Two prominent scientists said in whistleblower complaints filed late Wednesday that they had been removed from leadership positions at the National Institutes of Health after objecting to Trump administration efforts to undermine vaccines, flout court orders, withhold research money and politicize the grant-making process.
The complaints shed light on much of the internal strife at the agency earlier this year, as the Trump administration clamped down on the country’s medical research funding apparatus.
The scientists drew particular attention to what they described as an administration-wide “hostility” toward vaccines that they said had taken hold in the upper echelons of the NIH, long one of the world’s leading engines of vaccine research.
The allegations added to a growing chorus of protest from former high-ranking health officials over what they warned were dangerous and unscientific views about vaccines gripping the federal government and potentially opening the door to preventable infections.
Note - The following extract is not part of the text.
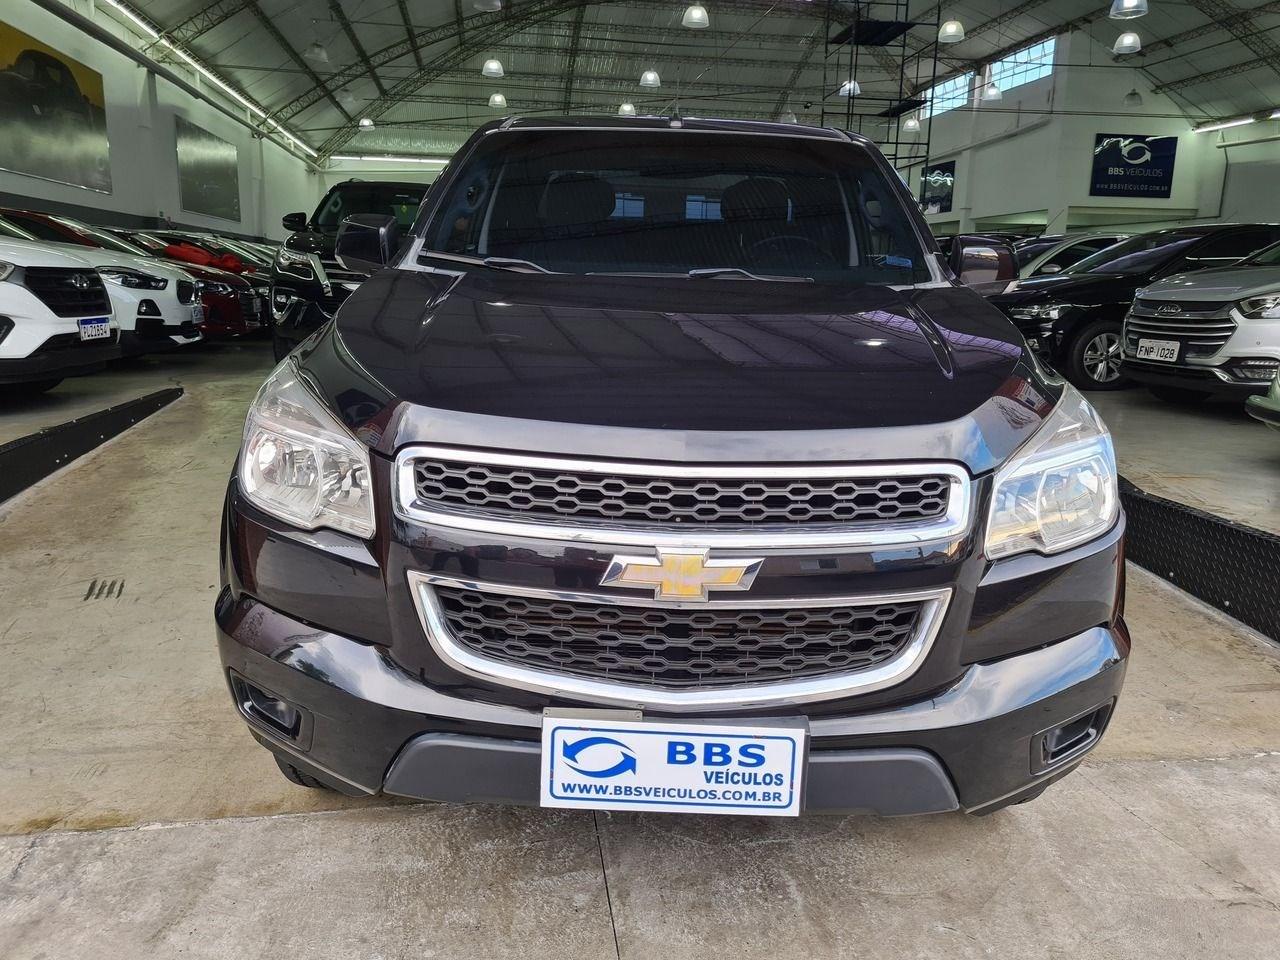 //www.autoline.com.br/carro/chevrolet/s-10-28-cd-lt-16v-diesel-4p-turbo-automatico/2015/sao-paulo-sp/13479801

Those policies have not only restricted people’s access to vaccines, some officials have said, but also have constrained federally funded research on future inoculations against infectious diseases.
The complaints were filed by Dr. Jeanne Marrazzo, who until the end of March had directed the National Institute of Allergy and Infectious Diseases, the institute previously run by Dr. Anthony Fauci; and Dr. Kathleen Neuzil, who until mid-April had directed the NIH’s Fogarty International Center, which supports global health research.
“If we don’t continue to do the science, then we won’t have the future advances,” Neuzil said in an interview. “We won’t make vaccines better. We won’t be able to quickly have vaccines against new and emerging infections.”
The Trump administration last week fired Susan Monarez, director of the Centers for Disease Control and Prevention, who had clashed with the health secretary, Robert F. Kennedy Jr., over vaccine policy. Her dismissal set off an exodus of several other CDC officials, who accused the Trump administration of pursuing a vendetta against vaccines.